In [173]:
import pandas, numpy
from sklearn import svm
from sklearn.qda import QDA
from sklearn.kernel_ridge import KernelRidge
from sklearn.neighbors.nearest_centroid import NearestCentroid

In [174]:
results = pandas.read_csv('results-most.csv')

# drop some qctests
results = results.drop('CSIRO_gradient', 1)
results = results.drop('CoTeDe_anomaly_detection', 1)

# shuffle the dataframe
results.iloc[numpy.random.permutation(len(results))]

# slice up for svm
truth = results.ix[:,1].tolist()
qctests = results.ix[:,2:].values.tolist()

trainingSize = 1000

In [175]:
def performance(truth, qcresult):
    # check the performance of a single column qcresult

    TT = 0.
    FF = 0.
    TF = 0.
    FT = 0.
    T = 0.
    F = 0.
    
    for i in range(len(qcresult)):
        if truth[i]:
            T += 1.
        else:
            F += 1.
        
        if qcresult[i] and truth[i]:
            TT += 1.
        elif qcresult[i] and not truth[i]:
            TF += 1.
        elif not qcresult[i] and truth[i]:
            FT += 1.
        elif not qcresult[i] and not truth[i]:
            FF += 1.
    
    return (TT/T, FT/T, FF/F, TF/F)

In [176]:
for i in range(2,len(qctests[0])):
    print results.columns[i], performance(truth, results.ix[:,i].tolist())

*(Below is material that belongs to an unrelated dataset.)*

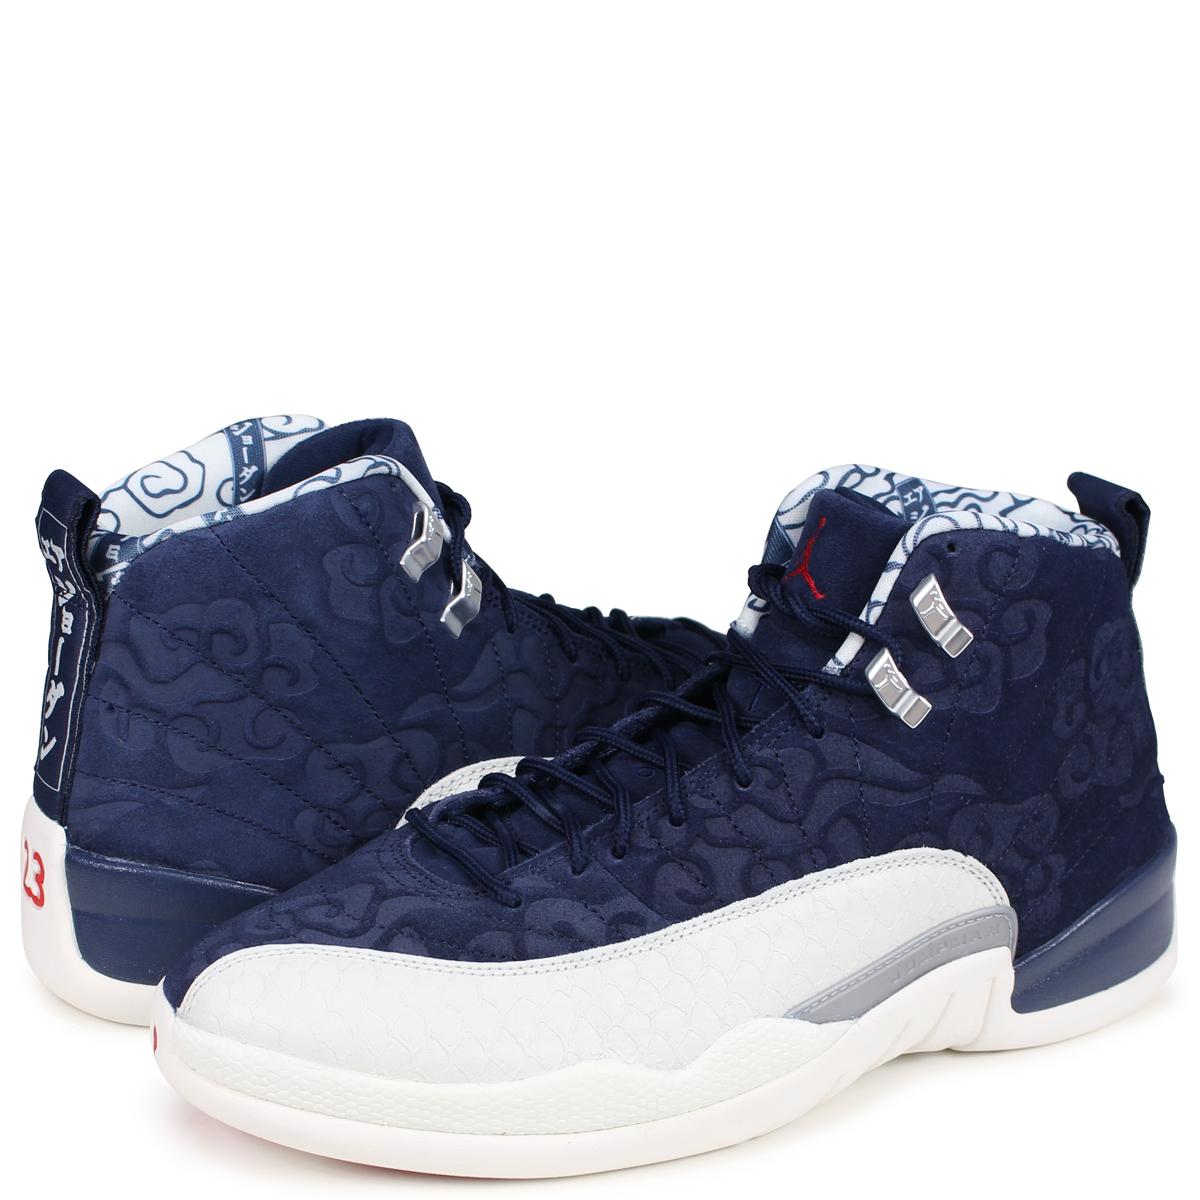 buy online 468e2 823a8 NIKE AIR JORDAN 12 RETRO INTERNATIONAL FLIGHT Nike Air Jordan 12 nostalgic  sneakers men BV8016-445 navy [1810]
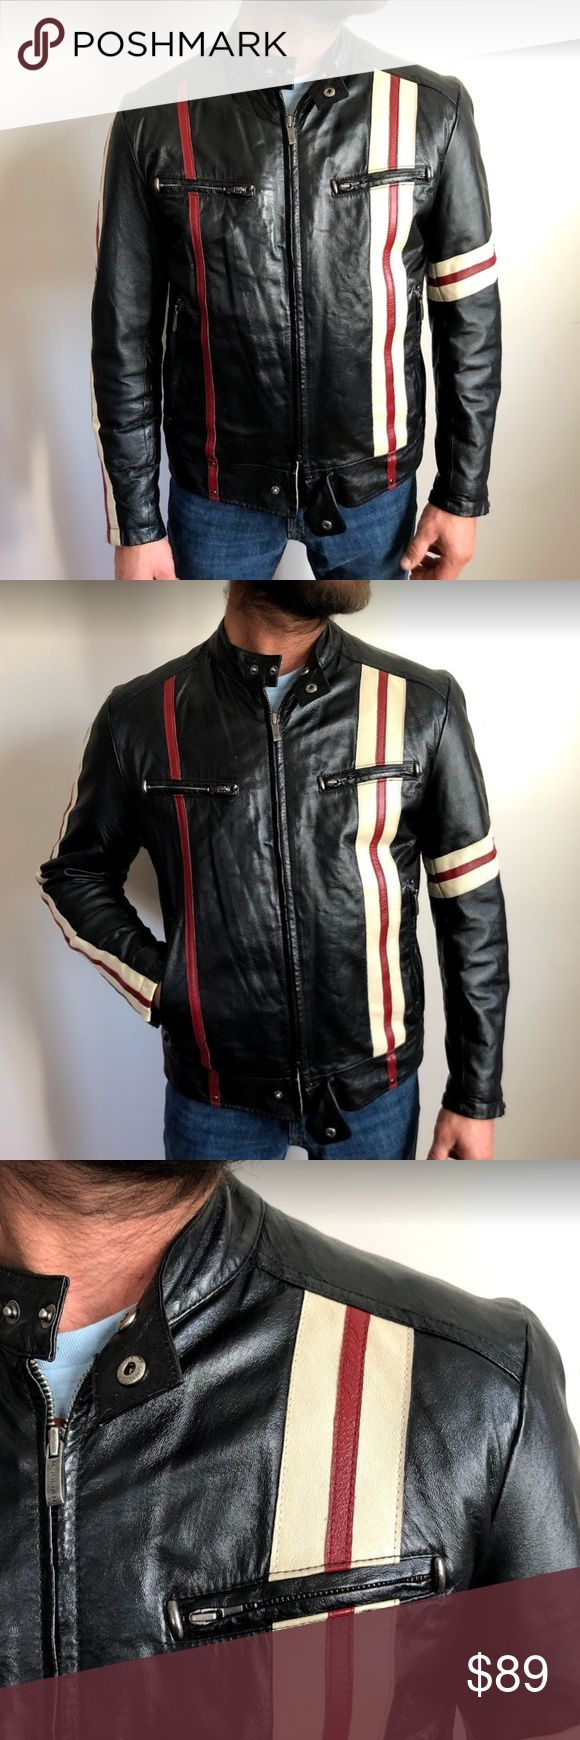 Wilsons Leather M. Julian Racer Moto Biker Jacket

Argo_global_range_check (0.1596244131455399, 0.8403755868544601, 1.0, 0.0)
Argo_gradient_test (0.27386541471048514, 0.7261345852895149, 0.9990945011524531, 0.0009054988475469213)
Argo_impossible_date_test (0.0, 1.0, 1.0, 0.0)
Argo_impossible_location_test (0.0, 1.0, 1.0, 0.0)
Argo_pressure_increasing_test (0.11580594679186229, 0.8841940532081377, 0.866480079025354, 0.13351992097464604)
Argo_regional_range_test (0.006259780907668232, 0.9937402190923318, 0.9999176819229503, 8.231807704972011e-05)
Argo_spike_test (0.0297339593114241, 0.9702660406885759, 1.0, 0.0)
CSIRO_depth (0.837245696400626, 0.162754303599374, 0.2642410273296016, 0.7357589726703985)
CSIRO_wire_break (0.2519561815336463, 0.7480438184663537, 1.0, 0.0)
CoTeDe_Argo_density_inversion (0.3489827856025039, 0.651017214397496, 0.5221435627263747, 0.4778564372736253)
CoTeDe_GTSPP_WOA_normbias (0.8497652582159625, 0.15023474178403756, 0.8016134343101745, 0.1983865656898255)
CoTeDe_GTSPP_global_range (0.16118935837245696, 0.838810

In [177]:
# create and train an svm

svm_classifier = svm.SVC(kernel='linear', class_weight = {0: 1, 1: 100})
svm_classifier.fit(qctests[0:trainingSize], truth[0:trainingSize])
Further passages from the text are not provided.